One expects a binary rating based performance level or “an operating point” in the laboratory to lie on the ROC curve produced from discrete or semi-continuous rating scale when reading the same cases in the laboratory because according to the theoretical model this binary performance is achievable by merely changing the decision threshold.¹¹ The issue of concordance between performance levels when using binary or multiple rating scales and the possible discrepancies between the two approaches have been noted for audible signals.¹²^,¹³ However, there have been little experimental data validating of this assumption in general and in radiology in particular. Use of a specific rating scale in the laboratory could lead to a change in performance level due to various phenomena including a change in the interpretive process. For example, there is some evidence that “training” readers to “spread” their answers over a wide range of responses could alter their measured performance.¹⁴ Furthermore, some studies suggest that although there should be little, if any, difference between using discrete or semi-continuous rating scales in ROC studies, a difference in rating scale may produce different results due primarily to possible observer behavioral changes in response to the scale being used.¹⁵^,¹⁶^,¹⁷ Finally, experimentally there may be a number of other variables that could affect the expected theoretical correspondence between an ROC curve and a binary operating point.

We investigated experimentally the relationship between the performance levels when binary and∕or semi-continuous ratings scales are used by the same radiologists to assess enriched sets of mammograms during the performance of a multi-mode retrospective study. The results of this assessment are presented here.

MATERIALS AND METHODS

General study design

Each of nine board-certified Mammography Quality Standards Act (MQSA) qualified radiologists interpreted between 275 and 300 screen-film mammography (SFM) examinations that were obtained under an Institutional Review Board approved protocol, informed consent was waived, and in compliance with the Health Insurance Portability and Accountability Act (HIPAA). Radiologists viewed and rated each examination three times over a period of 20 months in a mode balanced design. The reading modes included (1) a “clinical” screening mode, using ratings analogous to those of the screening Breast Imaging Reporting and Data System (BI-RADS) recommendations,¹⁸ (2) an ROC mode, rating the likelihood of the presence of an abnormality using a probability rating scale of 0–100, and (3) a Free-Response ROC (FROC) mode.¹⁹ A comparison of the results from the clinical mode (binary) and the ROC mode is the focus of this paper. A detailed description of the methodology and justification for using screening mammography as used in this multi-mode project is provided elsewhere.²⁰ In brief, a four view “current” examination and a four view comparison (“prior”) examination were made available to the readers if these had been read with priors in the clinic. After viewing each examination radiologists rated the right and left breast separately. The set read by each radiologist included the “common” set of the 155 SFM examinations originally read in the clinic by other radiologists not participating in the study and an “individualized” set of examinations that had been clinically read by him∕her between 2 and 6 years previously.
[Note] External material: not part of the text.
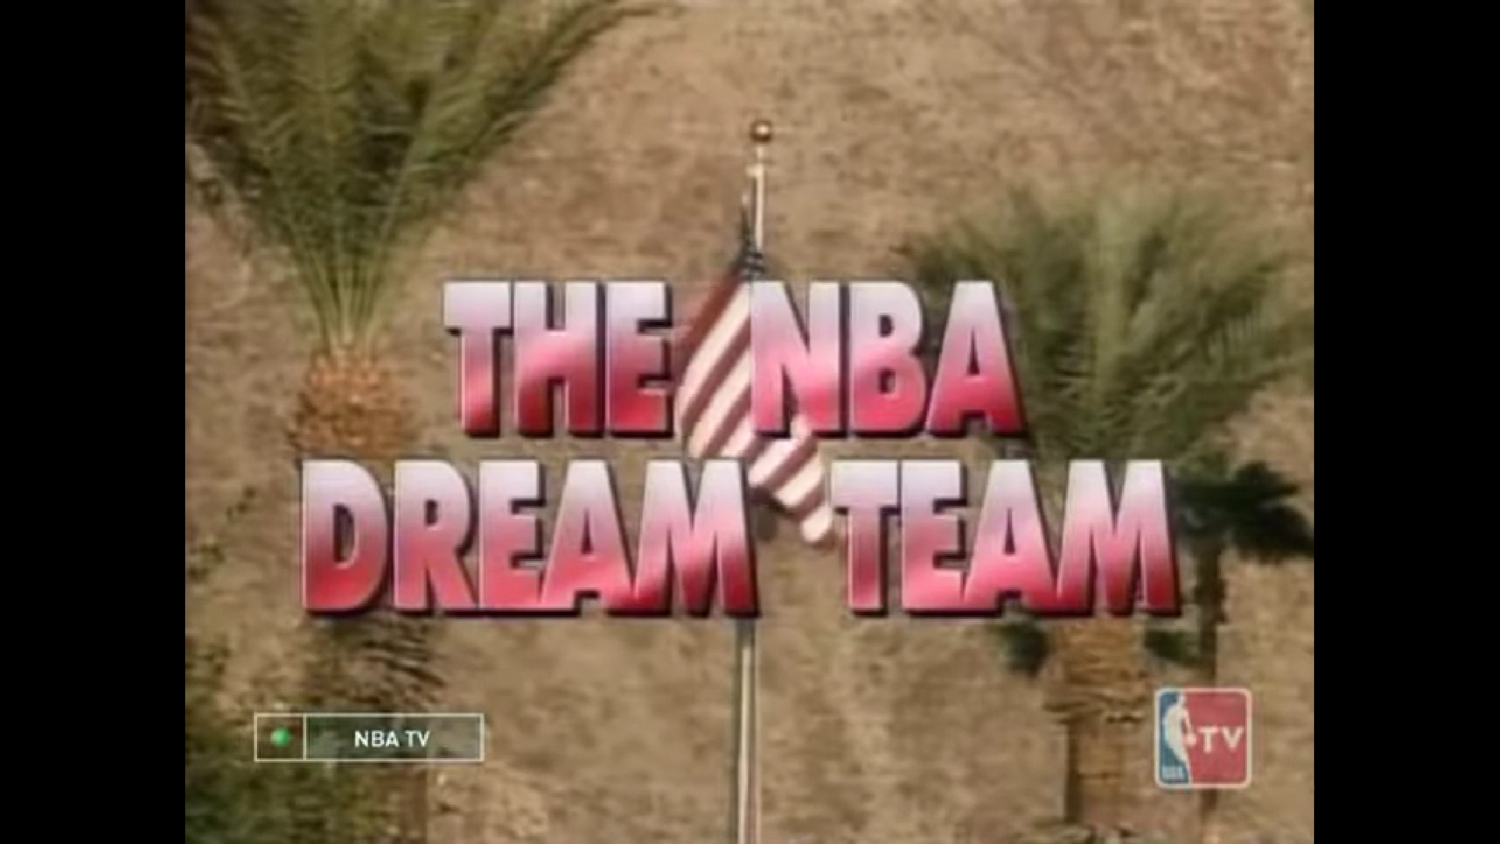 The NBA. Dream Team. Команда мечты 1992. Телеканал NBA TV

Radiologists read all cases in one mode before moving to the next after a time delay in a mode balanced, case randomized study that was managed by a comprehensive computer program. Ratings were recorded electronically.

Selection of examinations

We included a predetermined enriched distribution of verified examinations in the following categories. Actually positive examinations included (1) all sequentially available examinations depicting pathology confirmed cancers detected as a result of the diagnostic follow-up of a recall and (2) all false negative examinations actually depicting an abnormality that had been originally rated as negative (BI-RADS 1 or 2, for both breasts) but later verified as positive within 1 year. Actually negative examinations included (1) examinations originally rated as BI-RADS 1 or 2 (for both breasts) and verified for not having cancer at least 1 year thereafter and (2) examinations originally rated as BI-RADS 0 for either breast (namely had been actually recalled) and later rated as negative during a subsequent diagnostic workup and also confirmed to remain negative with a 1 year follow-up. Negative examinations were selected in a manner that approximately one third of the examinations did not have a prior examination (similar to our clinical practice). As a result, 83% of actually positive and 63% of actually negative examinations in our dataset had a “prior” comparison examination.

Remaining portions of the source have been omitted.